The measured Fano asymmetry parameter, $q$, for the ${\nu }_0$ (a), ${\nu }_1$ (b), and ${\nu }_2$ (c) transitions as a function of the magnetic field $B$. The horizontal shaded bars represents the average value of $q$, and the line represent a linear fit to the data.

Figure 10

Schematic diagram of the scenarios considered when calculating QI effects on (a) the $2{}^{3}S_1\to 2{}^{3}P_0$, i.e., ${\nu }_0$, (b) the $2{}^{3}S_1\to 2{}^{3}P_1$, i.e., ${\nu }_1$, and (c-i) and (c-ii) the $2{}^{3}S_1\to 2{}^{3}P_2$, i.e., ${\nu }_2$ transitions. The value of $|M_J|$ of the sublevels in each case is indicated in brackets.

Figure 11

Calculated line shapes showing the shift in the resonance frequency arising from the presence of far-detuned off-resonance transitions. The line shapes are fitted with Lorentz and Fano functions. Both functions yield identical results because of the lack of asymmetry. The ${\nu }_0$ and ${\nu }_1$ resonances are pulled by the ${\nu }_2$ resonance yielding a negative frequency shift as shown in (a) and (b). The ${\nu }_2$ resonance (c) is shifted positively. The width of the line shapes is $\approx 60$ MHz.

Figure 12

(a) An example of a Doppler-broadened line shape of the $1{}^{3}S_1\to 2{}^{3}P_{\mathrm{J}}$ transition centered around 243 nm, where the natural linewidth is $\approx 50$ MHz, but the observed linewidth is $\approx 900$ GHz. (b) Relative shift in the $2{}^{3}S_1\to 2{}^{3}P_1$ transition as a function of UV detuning.
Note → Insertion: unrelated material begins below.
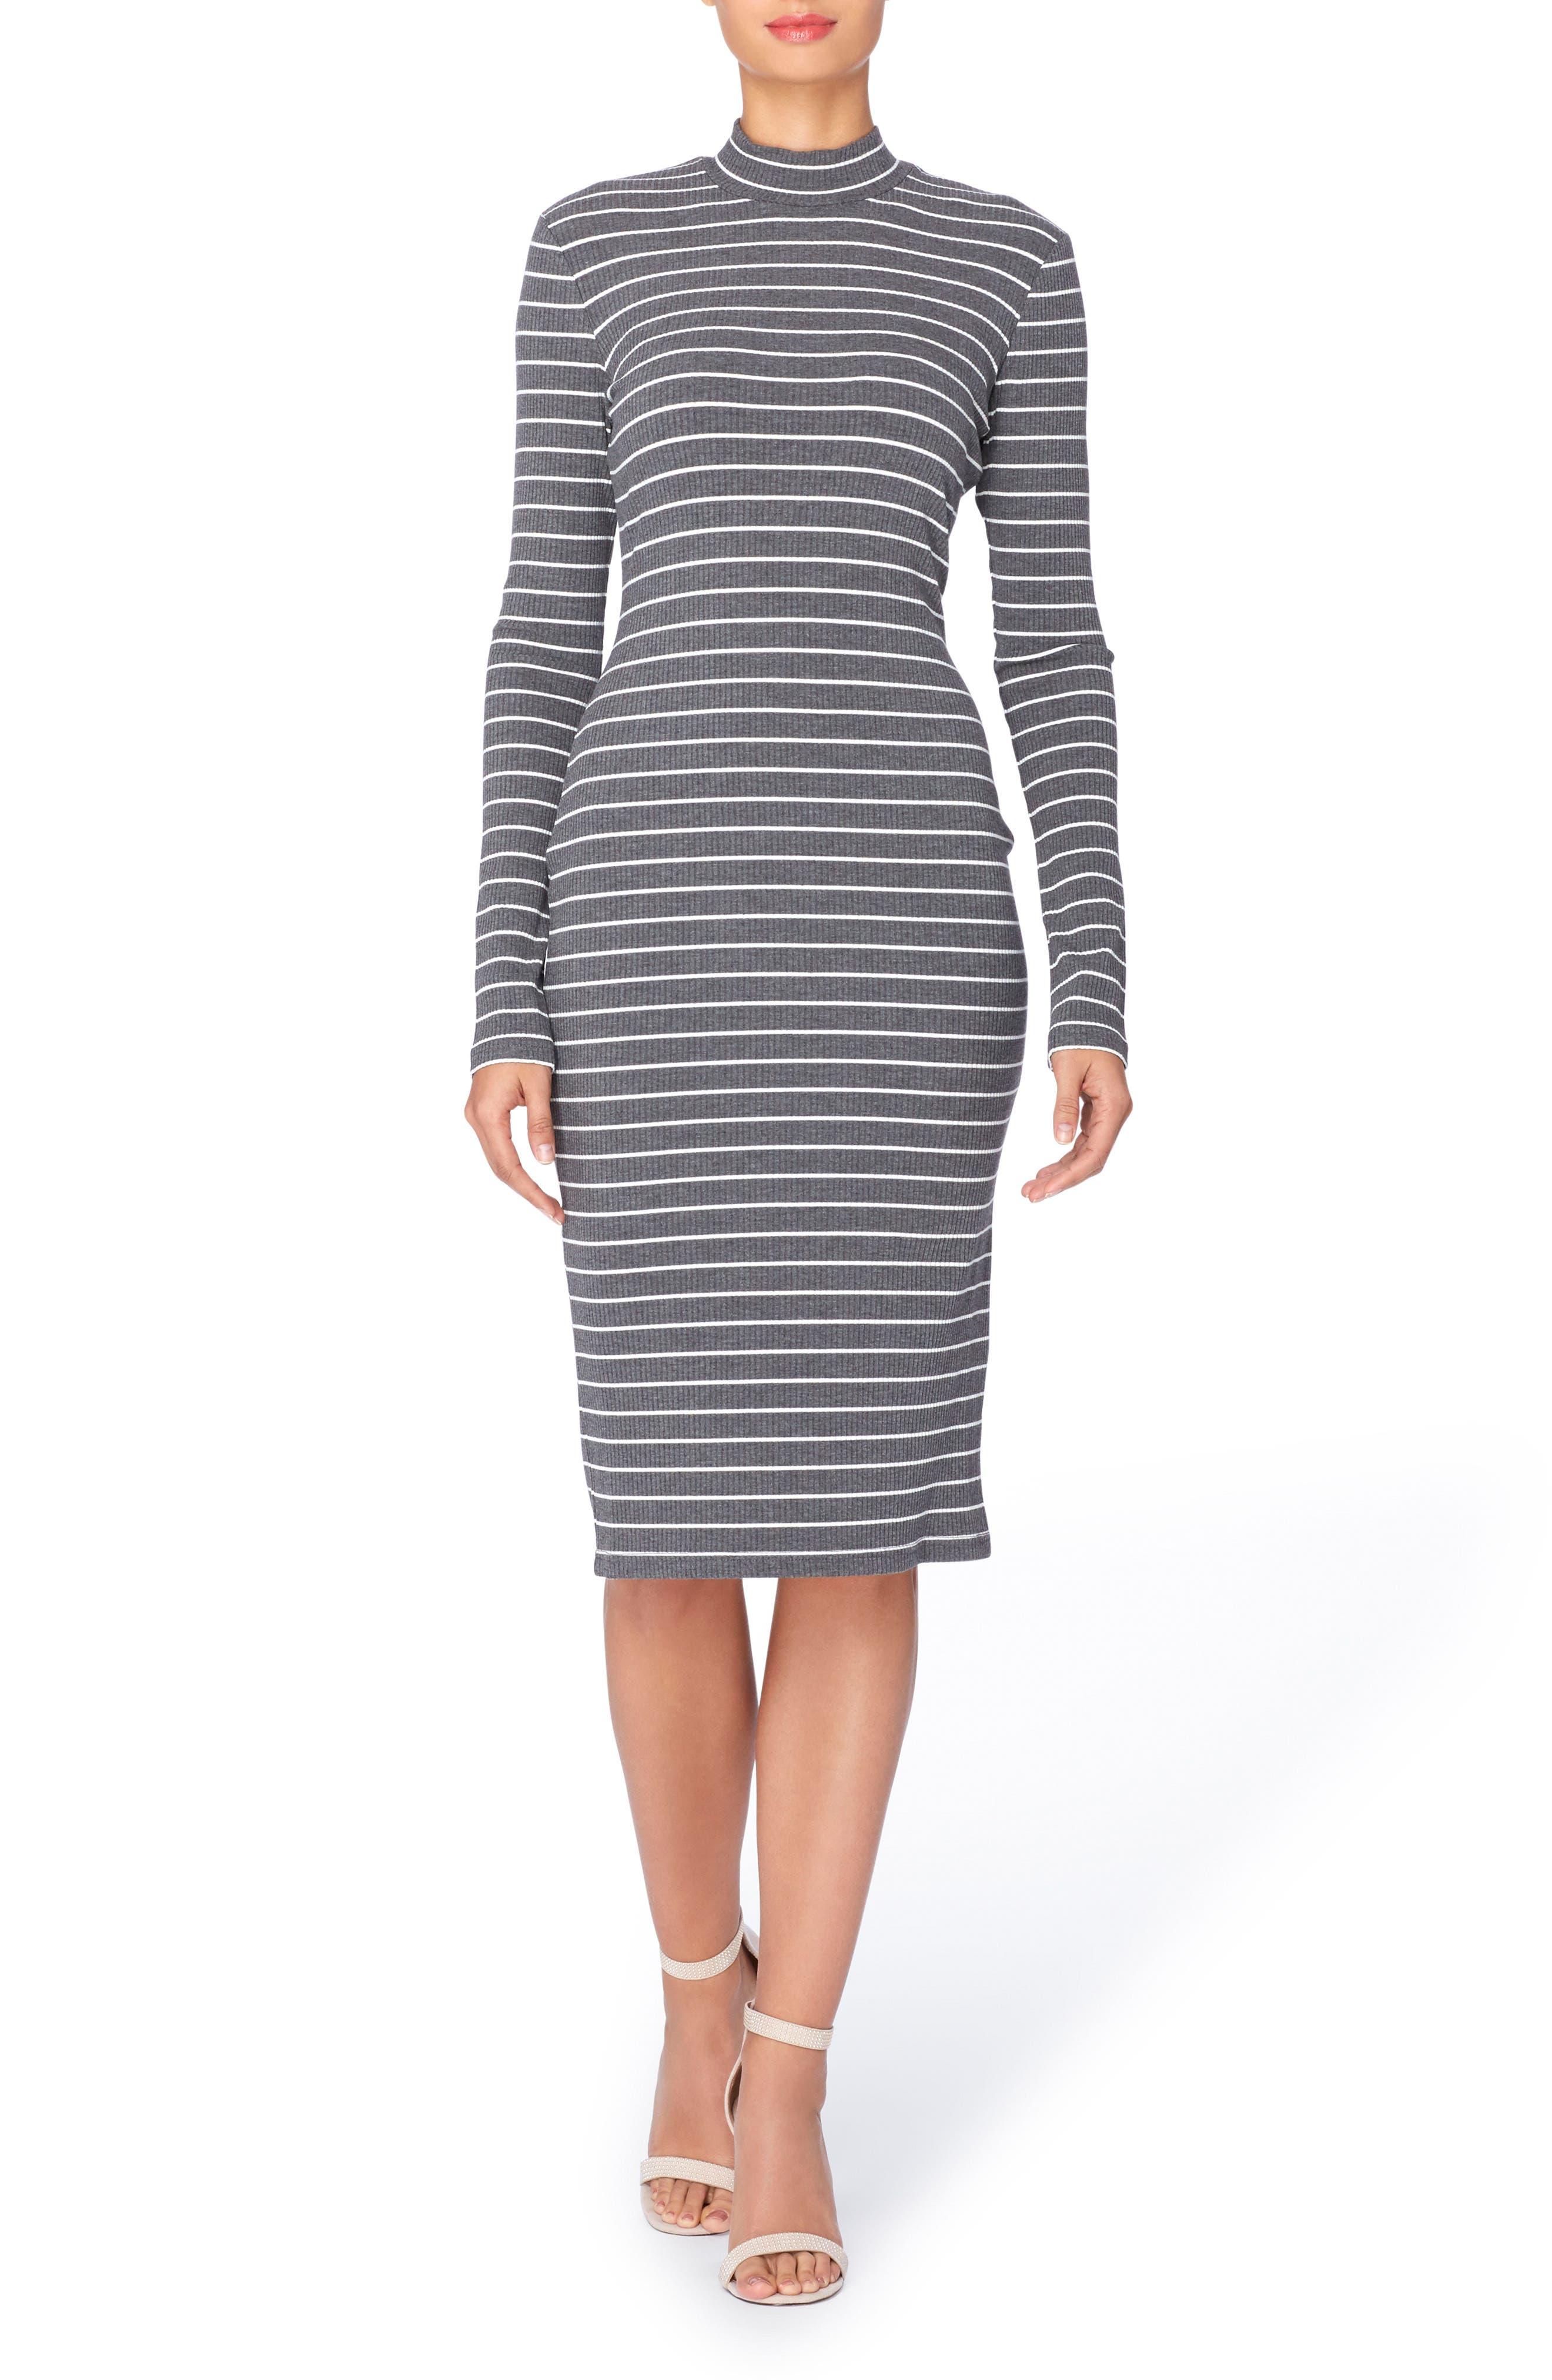 Alternate Image 1 Selected - Catherine Catherine Malandrino Kristiana Stripe Knit Midi Dress

The dashed vertical lines in (a) indicate the UV laser wavelengths used for the measurements shown in (b), and the shaded bar indicates the 100 GHz bandwidth of the UV laser.

Figure 13

(a) Estimated magnitude of stray electric fields in the waveguides as a function of distance from the grids. (b) Stark shift of the ${\nu }_J$ transitions as a function of electric field.

Figure 14

Constrained parameter space for a scalar mediator [73]. The solid blue curve denotes the lower bound for a shift of 2.77 MHz for the $2S\to 2P$ transition. The solid black curve is the same observable obtained for a measurement of the Ps $1S\to 2S$ interval [74]. The dashed curves represent the constraints that would be obtained if the corresponding measurements were performed with uncertainties equal to the current QED uncertainties [73]. The red curve is the bound obtained from measurements of the electron gyromagnetic factor, $a_e$ [75]. The shaded gray region represents the parameter space constrained by astrophysical observations [76].

Figure 15

Constrained parameter space for a pseudoscalar mediator [73]. The solid blue curve denotes the lower bound for a shift of 2.77 MHz for the $2{}^{3}S_1\to 2{}^{3}P_0$ transition. The solid black curve is the same observable obtained for a measurement of the Ps $1{}^{1}S_0\to 1{}^{3}S_1$ transition [77, 78, 79]. The dashed curves represent the constraints that would be obtained if the corresponding measurements were performed with uncertainties equal to the current QED uncertainties [73]. The red curve is the bound obtained from measurements of the electron gyromagnetic factor, $a_e$ [75]. The shaded gray region represents the parameter space constrained by astrophysical observations [76].

Figure 16

Comparison of the previous and present measurements with theory for the (a) ${\nu }_0$, (b) ${\nu }_1$, and (c) ${\nu }_2$ transitions. Results from Lorentz ($L$) and Fano ($F$) line profile fits are shown for the current measurements of ${\nu }_1$ and ${\nu }_2$ intervals. Also shown for these transitions are the maximum (peak) values obtained from the Fano profiles, as discussed in the text. The theoretical values with uncertainties are indicated by the vertical solid lines. Statistical and systematic uncertainties for the experimental data have been added in quadrature.